Lorsque le juge administratif statue sur un recours indemnitaire tendant à la réparation d’un préjudice imputable à un comportement fautif d’une personne publique et qu’il constate que ce comportement et ce préjudice perdurent à la date à laquelle il se prononce, il peut, en vertu de ses pouvoirs de pleine juridiction et lorsqu’il est saisi de conclusions en ce sens, enjoindre à la personne publique en cause de mettre fin à ce comportement ou d’en pallier les effets.

Il ne résulte pas de l’instruction que la désignation d’une association agréée dans le cadre du dispositif d’accompagnement vers et dans le logement (« AVDL ») serait de nature à mettre fin ou à pallier les effets de la carence de l’Etat. Par suite, ces conclusions à fin d’injonction et d’astreinte doivent être rejetées.


D E C I D E :


Article 1er : La requête de M. et Mme E... est rejetée.

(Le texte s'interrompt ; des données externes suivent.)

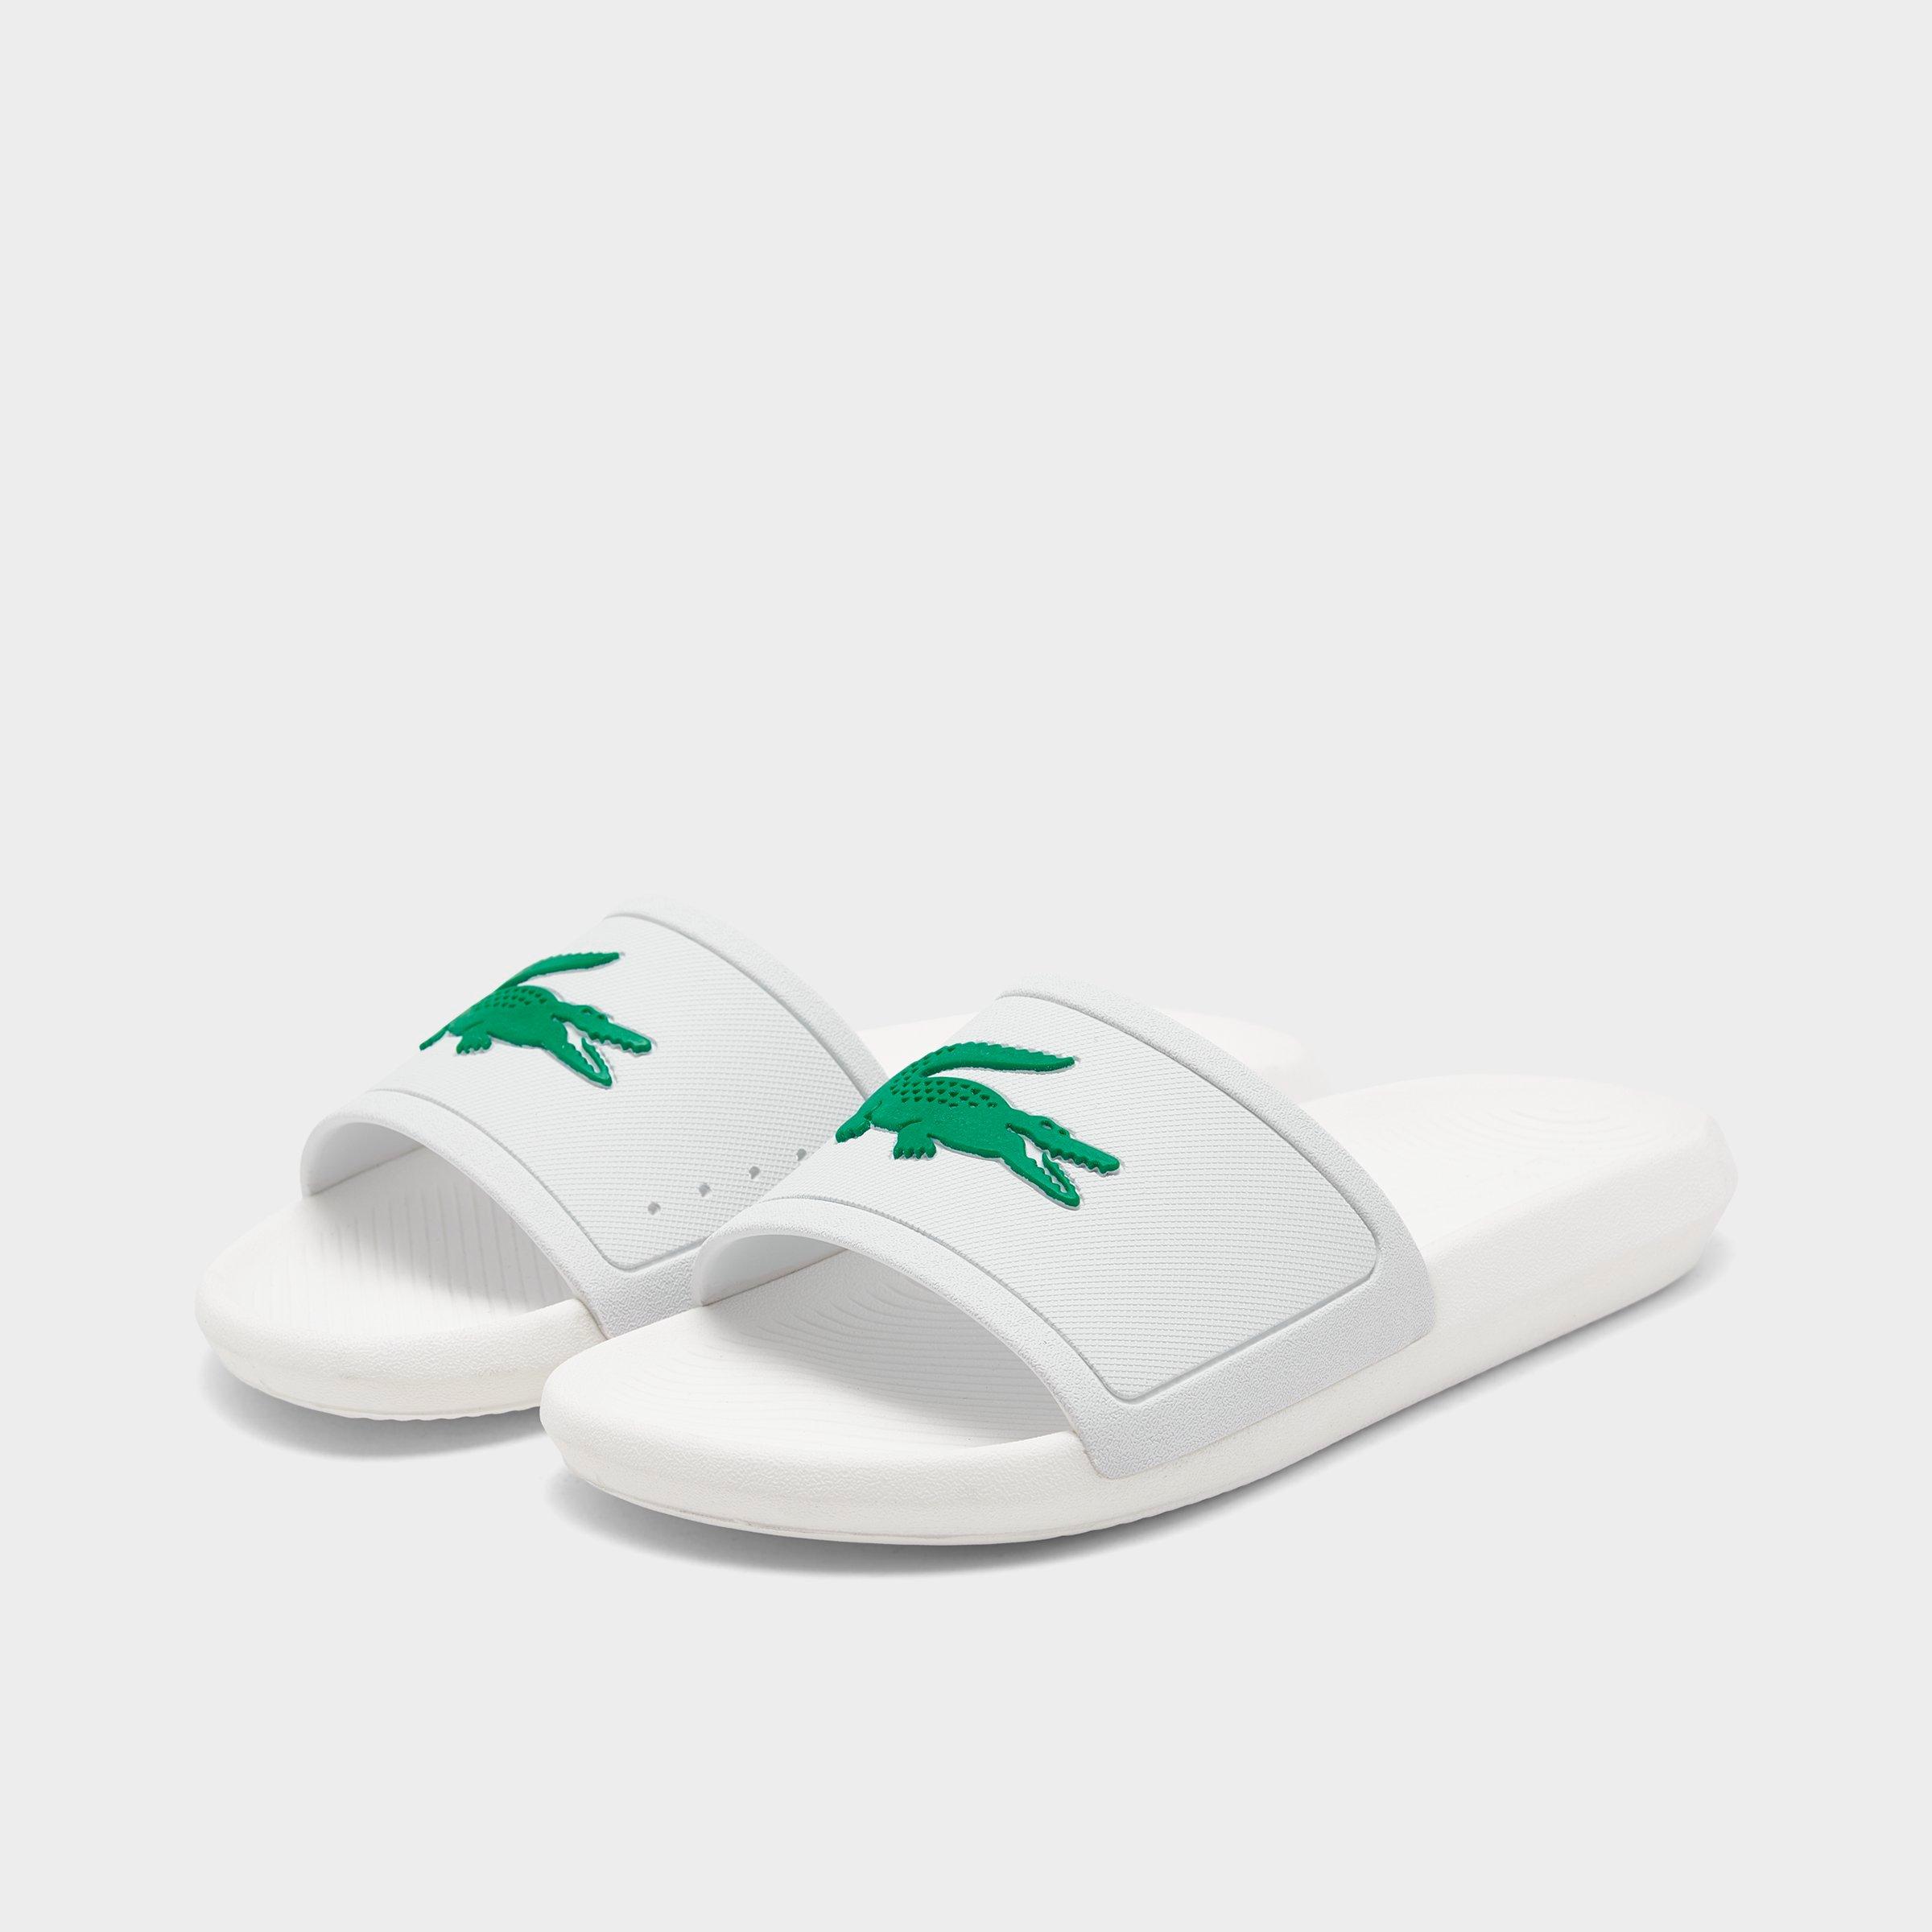 men's lacoste croco 119 slide sandals

Article 2 : Le présent jugement sera notifié à M. C... E..., à Mme D... B... épouse E..., à Me Lubaki et au ministre de l’aménagement du territoire et de la décentralisation.

Copie en sera adressée au préfet de la Seine-Saint-Denis.



Rendu public par mise à disposition au greffe le 1er octobre 2025.


Le magistrat désigné

L. F...
La greffière

L. Destour




La République mande et ordonne au ministre de l’aménagement du territoire et de la décentralisation en ce qui le concerne ou à tous commissaires de justice à ce requis en ce qui concerne les voies de droit commun contre les parties privées, de pourvoir à l'exécution de la présente décision.